Именно потому, что этот путинский гуру, Иван Александрович Ильин, известен менее других, нужно сказать о нем несколько слов. Он был национал-либералом.
Мы встречались с такими, как он, в первой книге, их было полно в дореволюционной России. В эмиграции все было сложнее, суровее. Люди определялись без дефисов. Правые реваншисты чуждались Ильина за безразличие к реставрации самодержавия, либералы — за пристрастие к «национальной диктатуре» и некой «обновленной демократии» после большевиков.Тем более что пристрастие это сыграло с Ильиным злую шутку. Он жил в Германии, когда к власти пришел Гитлер, и всячески издевался над либералами за их неспособность разглядеть в нацизме такие его, я цитирую, «положительные черты, как патриотизм, вера в самобытность германского народа и в силу германского гения, чувство чести, готовность к жертвенному служению, социальная солидарность и внеклассовое братски-всенародное единство». Именно так, по мнению Ильина, должна была выглядеть излюбленная им «национальная диктатура» в постсоветской России.
Правда, то, во что вылилась нацистская «вера в силу германского гения», испугало Ильина (все-таки был он либерал, пусть и национальный) и пришлось ему снова эмигрировать, на этот раз из Германии в Швейцарию. Но либералы не простили ему этого кунштюка. В 1949 году в нью-йоркском «Новом журнале» появилось открытое письмо его тогдашнего редактора Романа Гуля Ивану Ильину. «Перемены Вашего духовного лица, — писал Гуль, — я старался понять. Но вот к власти пришел Гитлер, и Вы стали прогитлеровцем. У меня до сих пор имеются Ваши статьи, где Вы рекомендовали русским не смотреть на гитлеризм глазами евреев… Как Вы могли, русский человек, пойти к Гитлеру? Категорически оказались правы русские, которые смотрели на Гитлера глазами евреев».
Однако даже эта роковая ошибка не заставила Ильина поверить в победившую после разгрома нацизма «формальную демократию». Вот его аргумент против нее: «Надо выбирать. Одно из двух-или тоталитарное рабство, или демократия. Третьего исхода нет! Так скажут нам политические доктринеры. Мы ответим им: нет, есть еще третий исход…

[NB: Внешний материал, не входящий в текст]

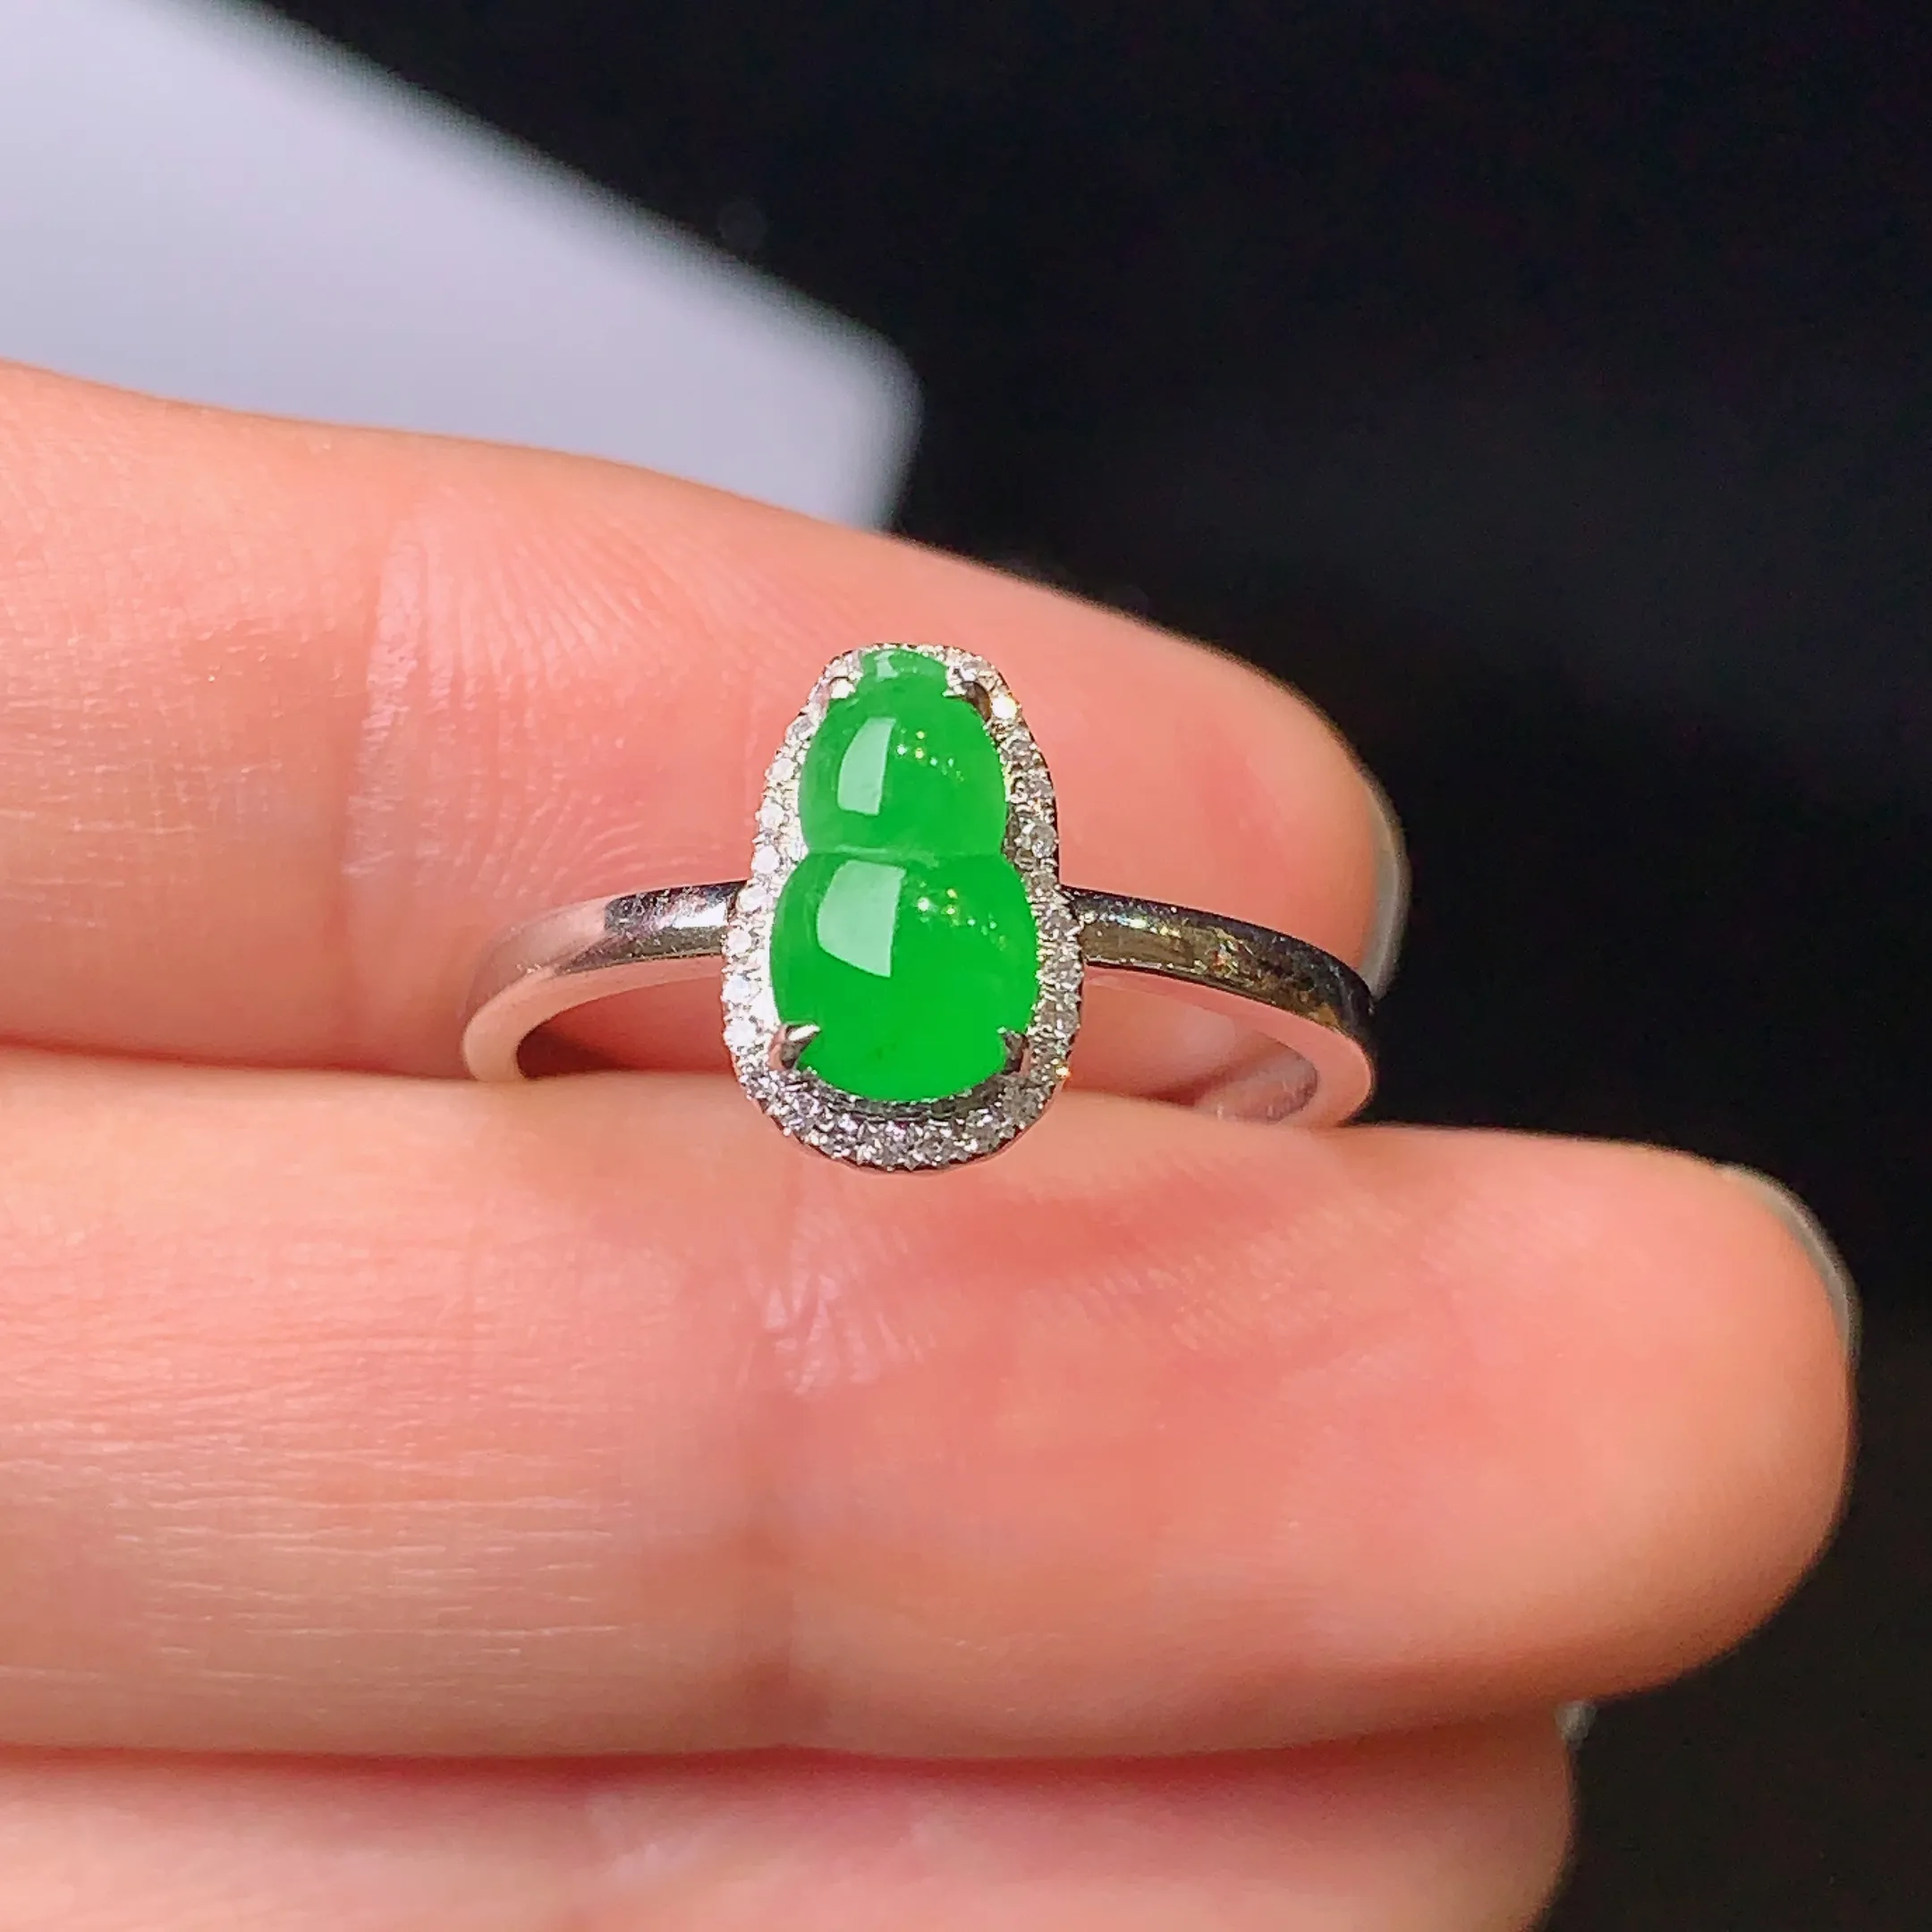 18k金钻镶嵌满绿葫芦戒指 玉质细腻 色泽艳丽 款式新颖时尚唯美 圈口13.5整体尺寸10.5*6.

В любом случае «состояние русского народа после большевиков (слова «российский» Ильин не употреблял) будет таково, что введение народоправства обещает ему
«Обновленная демократия»
Вот почему без национальной диктатуры не обойтись. Но конечно же лишь в качестве переходного периода к «обновленному демократическому принципу в сторону отбора лучших людей». В конечном счете «спастись Россия может только выделением лучших людей, отстаивающих не партийные, не классовые, но общенародные интересы». Это, собственно, и имелось в виду под «обновленной демократией», идеальным, по Ильину, политическим устройством, которому, по его мнению, принадлежало будущее. Неясно оставалось лишь, кто и как именно будет отбирать этих «лучших людей». Диктатор? Но не слишком ли велика в этом случае опасность, что отбирать он будет только тех, кто ему предан? Брут, сколько я помню, не согласился доверить это право отбора даже другу своему Цезарю. Подозревал, полагаю, и не без оснований, как вскоре выяснилось, что цезаризм означает конец демократии (а не ее начало, как учил Ильин).

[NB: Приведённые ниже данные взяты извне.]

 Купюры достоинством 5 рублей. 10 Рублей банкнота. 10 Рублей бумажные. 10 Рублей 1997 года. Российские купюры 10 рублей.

Так, в принципе, выглядело идейное наследство, с которым пришел к власти Путин: национал-либеральная утопия (слова «гибридный» в применении к политике во времена Ильина еще не существовало). Ильин верил, что «придет час, когда русская национальная власть вступит ради спасения России на указанные нами пути». У Путина не было, я думаю, сомнений, что час этот настал.
Имея, однако, в виду опыт нацистской Германии, пережитый Ильиным, так сказать, на собственной шкуре, задачу он формулировал двояко. С одной стороны, требовалось беспощадно подавить «жирондистскую анархию», но с другой — любой ценой
не допустить к власти «свирепую крайне правую тиранию» («правая» употребляется здесь и дальше в традиционном, реваншистском смысле, как во времена Ильина).